A child’s mind is very flexible. They often are willing to accept what most adults don’t.

Acknowledge Negative Feelings

If your typical child expresses his anger or frustration at your autistic child, understand that is quite normal. Sibling rivalry is quite common, but when it comes to siblings of autistic children, we often expect them not to show any negative feelings. That’s unfair for the sibling.

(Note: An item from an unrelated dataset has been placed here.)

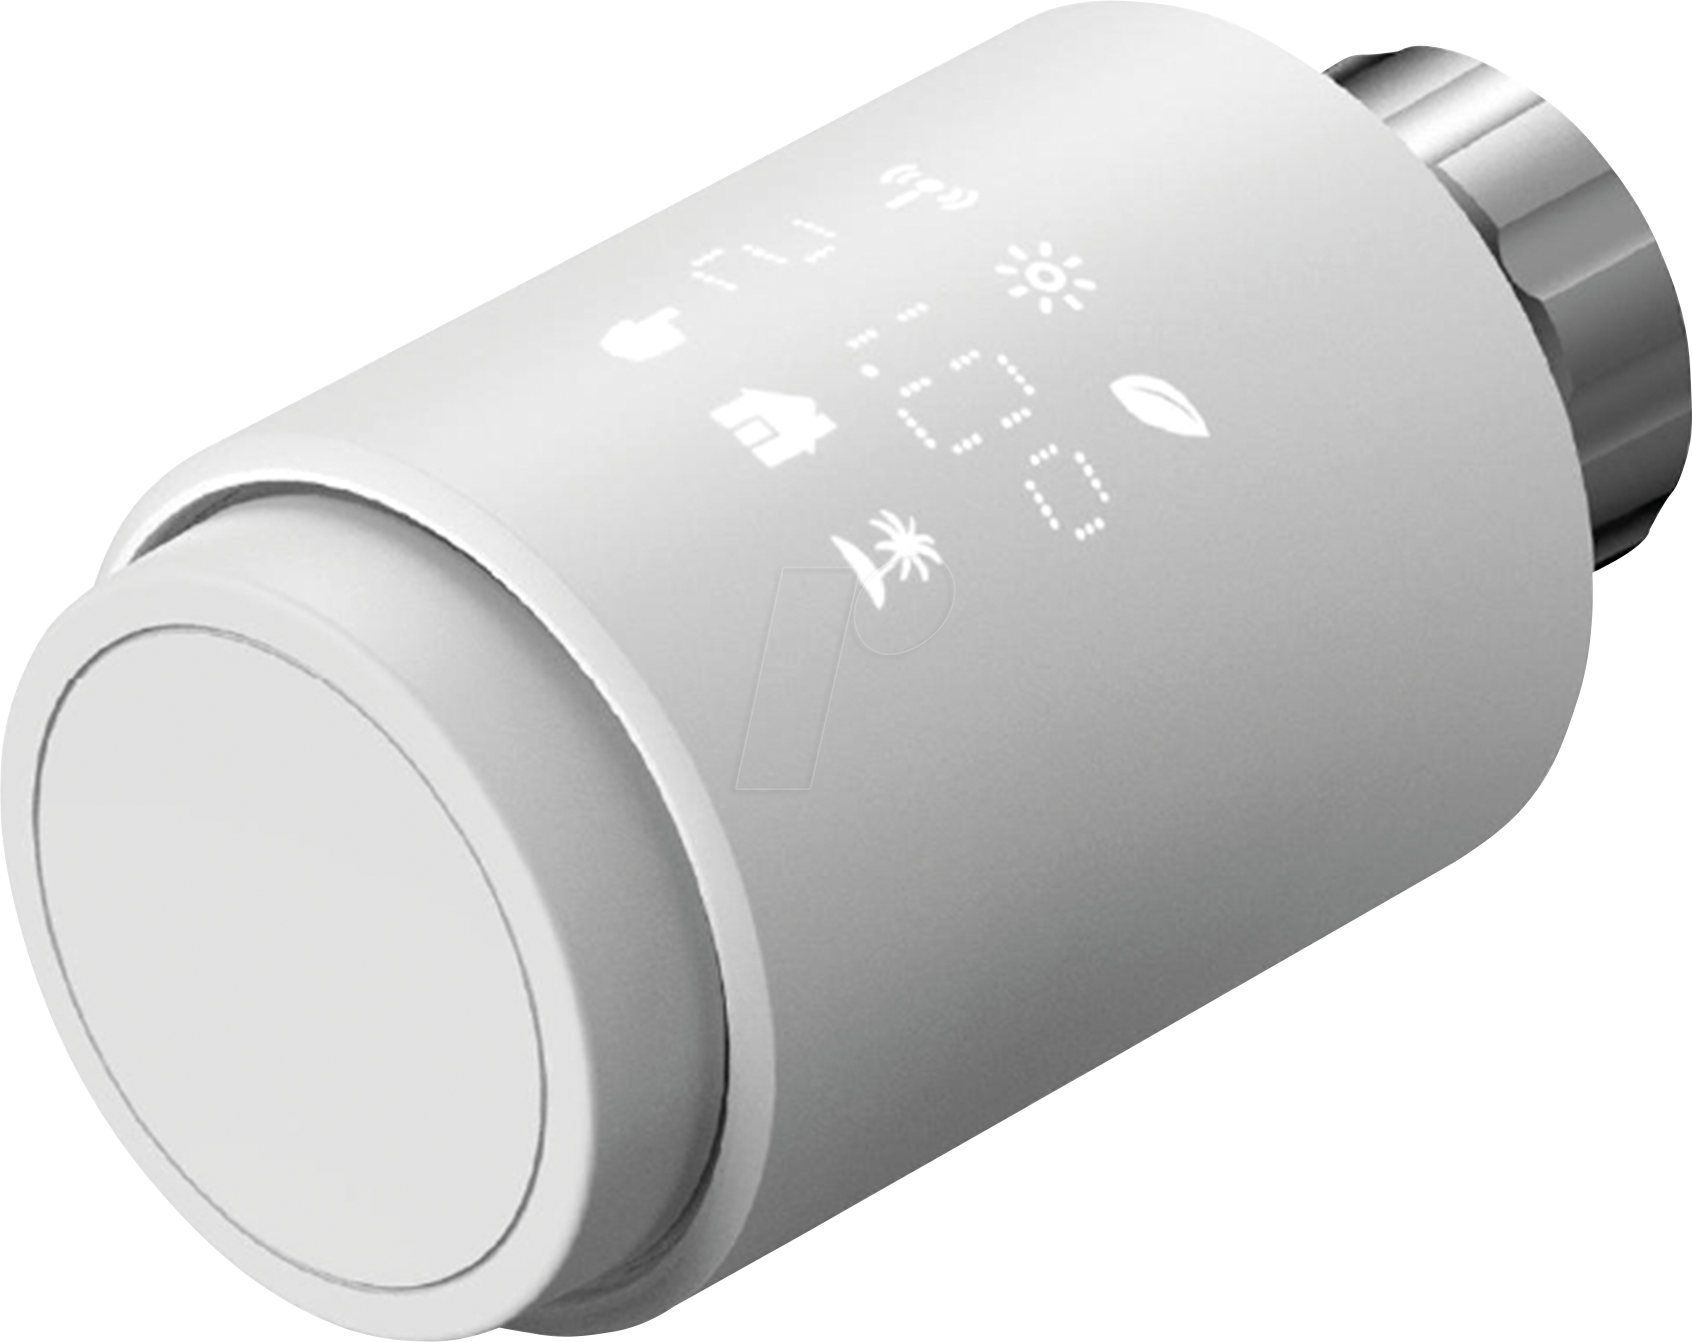 ESSE 120336 - Heizkörperthermostat, Bluetooth von Essentials
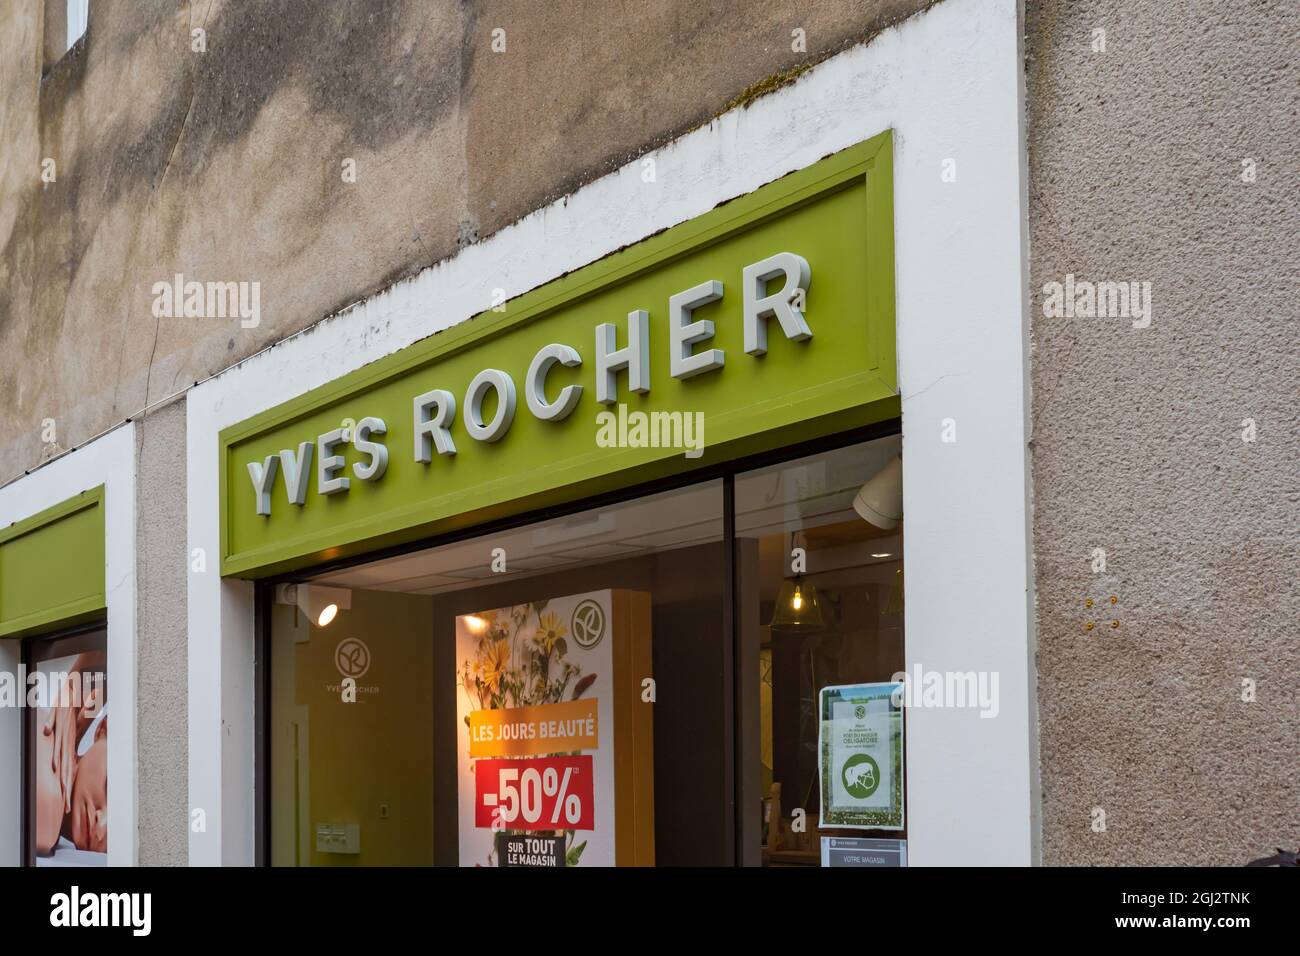 SABLE, FRANKREICH - 31. Jul 2021: Nahaufnahme einer berühmten Yves Rocher-Markenfassade mit Logo und Beschilderung Stockfoto

If your child exhibits any negative feeling, talk to them about the feeling. Find out why they feel the way they do. Could you help make things better? Sometimes a little talk can go a long way in helping your child understand and accept their feelings.

Get them to spend time together

Parents are often very attached to their autistic child. Leaving them alone for just a few minutes gives them anxiety. What is he doing? Is he going to have another meltdown? Will he be able to cope without me? Plus, your autistic child likely has communication issues and might not be able to interact with his siblings the way you would expect.

Think of activities both of them enjoy. Do these more often. Even if they don’t interact with each other, sharing the fun will help them bond. It will pave the later for a better bond in the future.

Be Fair

It’s often easy to let the autistic child get away with things because ‘he doesn’t understand.’ This might not feel like a big thing in the beginning but can sow the seeds of resentment. Try to be fair as you can. Establish rules. Autistic kids do well with rules.

If your autistic child acts out, vet out the same punishment. This will also help him understand when a certain behavior is not acceptable.

Carve out special time for all children

Siblings of autistic kids often try to take the attention away from them. With the autistic child taking up most of the parent’s time, siblings often don’t put too much importance on their own feelings. This is often later the reason for resentment or any frustration.

To prevent this, take out time for all your children. Give them at least 5-10 minutes of your undivided attention. It doesn’t have to be anything special. Talk about their day. Read a bedtime story. Also, once in a while, try to put your typical child as the center of attention for the most part of the day. Go out to watch a movie. Try out a new skill. You can hire a good babysitter to mind your autistic child. Look for someone who has an autistic sibling.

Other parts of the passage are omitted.